Sodium, potassium, chloride, and CO2 work together to regulate fluid balance, nerve signaling, muscle contractions, and the pH of your blood. Even small shifts in potassium, for example, can affect your heart rhythm. Sodium plays a major role in controlling how much water your body retains. CO2 (measured as bicarbonate) reflects how well your lungs and kidneys are managing your blood’s acidity.

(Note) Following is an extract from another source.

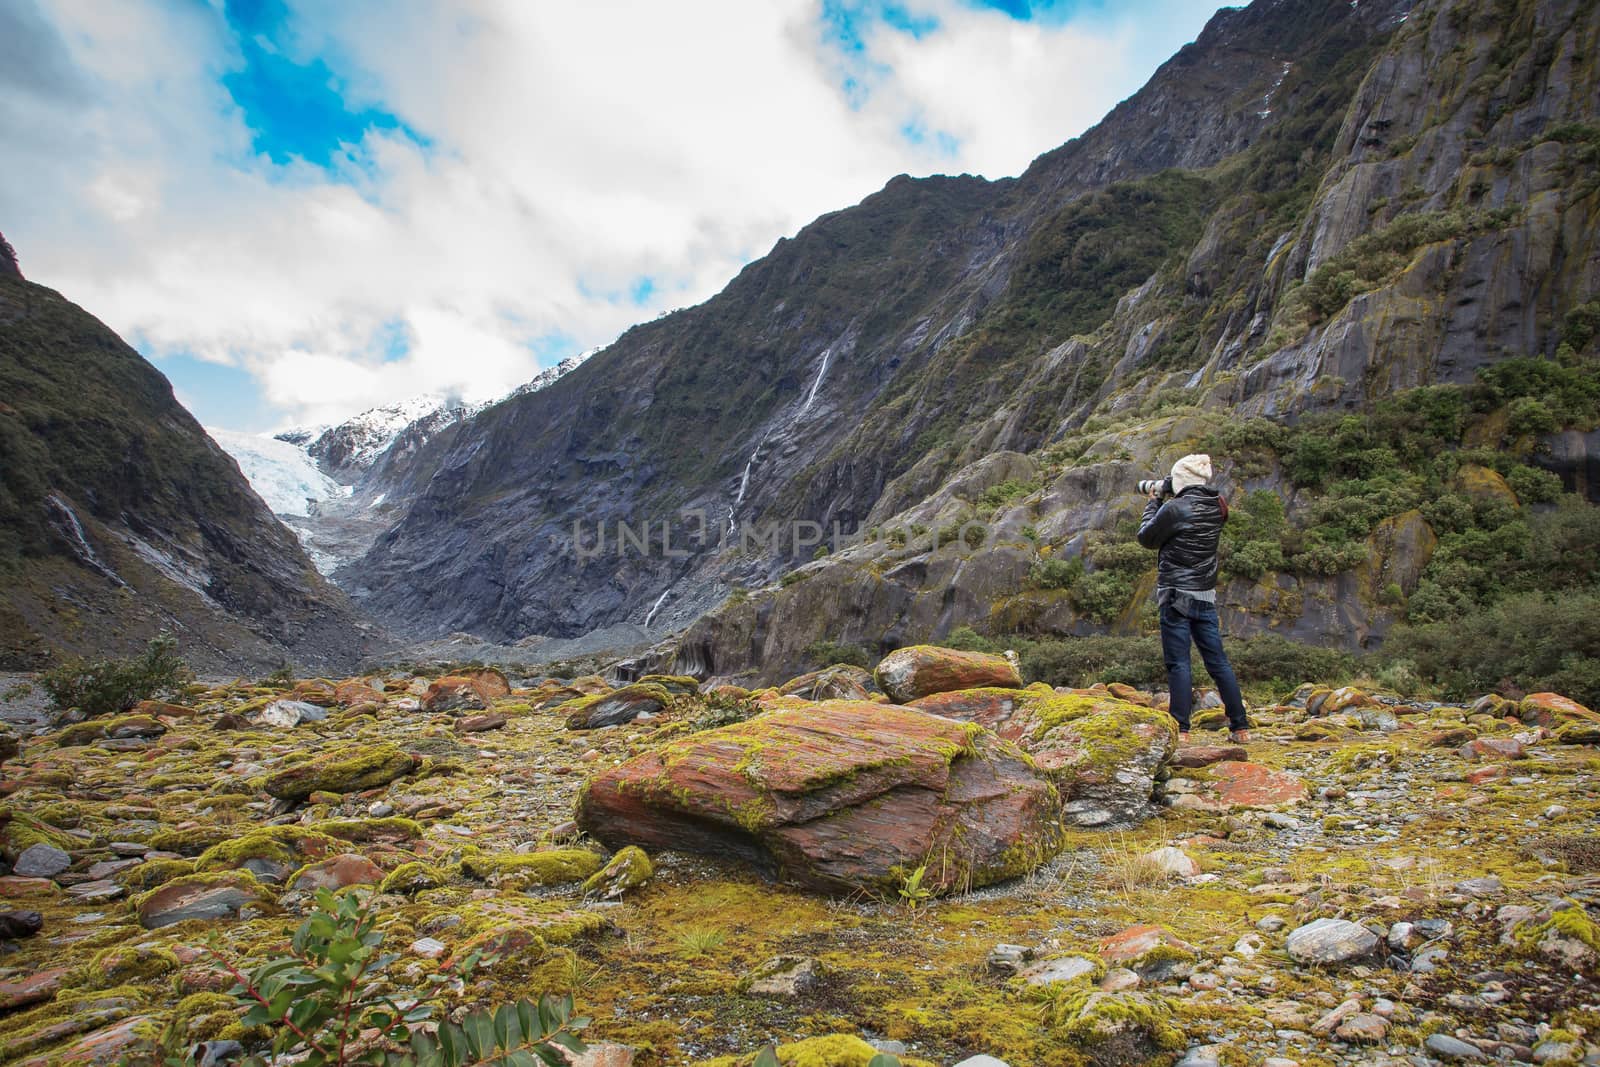 photographer taking a photo in franz josef glacier in south island new zealand importanat natural traveling destination

When the lab calculates your anion gap from these electrolytes, it’s checking whether there’s an imbalance between positively and negatively charged particles. A high anion gap means your blood is more acidic than it should be, which can happen with dehydration, uncontrolled diabetes (diabetic ketoacidosis), kidney disease, or severe diarrhea.

Glucose

The glucose reading on your CMP measures your blood sugar at the moment the blood was drawn. If you fasted before the test, it serves as a fasting glucose, which is one of the standard screening tools for diabetes and prediabetes. A non-fasting result can still be useful but will naturally run higher after a recent meal, so your doctor will interpret it differently.

Proteins: Albumin and Total Protein

Albumin is the most abundant protein in your blood and is made by the liver. It carries hormones, vitamins, and medications through your bloodstream and helps keep fluid from leaking out of blood vessels. Low albumin can be a sign of liver disease, kidney disease, malnutrition, or a thyroid problem. Total protein measures albumin plus all other proteins (primarily globulins, which support immune function). When both values are low, it may point to malabsorption, meaning your small intestine isn’t pulling enough nutrients from food.

Calcium

The CMP measures total calcium in your blood. Your body uses calcium for far more than bones: it’s essential for muscle contraction, nerve signaling, and blood clotting. High calcium can be caused by overactive parathyroid glands, certain cancers, bone disorders like Paget’s disease, or long-term overconsumption of vitamin D. Low calcium may indicate low protein levels, underactive parathyroid glands, too little vitamin D or magnesium, kidney disease, or pancreatitis.

Fasting and Preparation

You’ll typically need to fast for 8 to 12 hours before a CMP because eating can affect your glucose result and some liver values. Fasting means no food or drink except plain water. Let your provider know about any prescription medications, over-the-counter drugs, vitamins, or supplements you take, since some can shift CMP results. Don’t stop taking any medication unless your provider specifically tells you to.

Reading Your Results

Your lab report will list each of the 14 values next to a reference range. Results outside that range get flagged, but a single abnormal number doesn’t necessarily mean something is wrong. Dehydration, a recent intense workout, or a meal you forgot to skip can all push a value out of range temporarily. Your doctor evaluates the full panel together, looking at patterns. Elevated BUN with elevated creatinine points more strongly toward a kidney issue than either one alone. Similarly, ALT and AST rising together tells a different story than ALP rising on its own.

If several values come back abnormal, your provider will often order follow-up tests that zoom in on the specific organ or system that looks concerning, rather than repeating the entire CMP.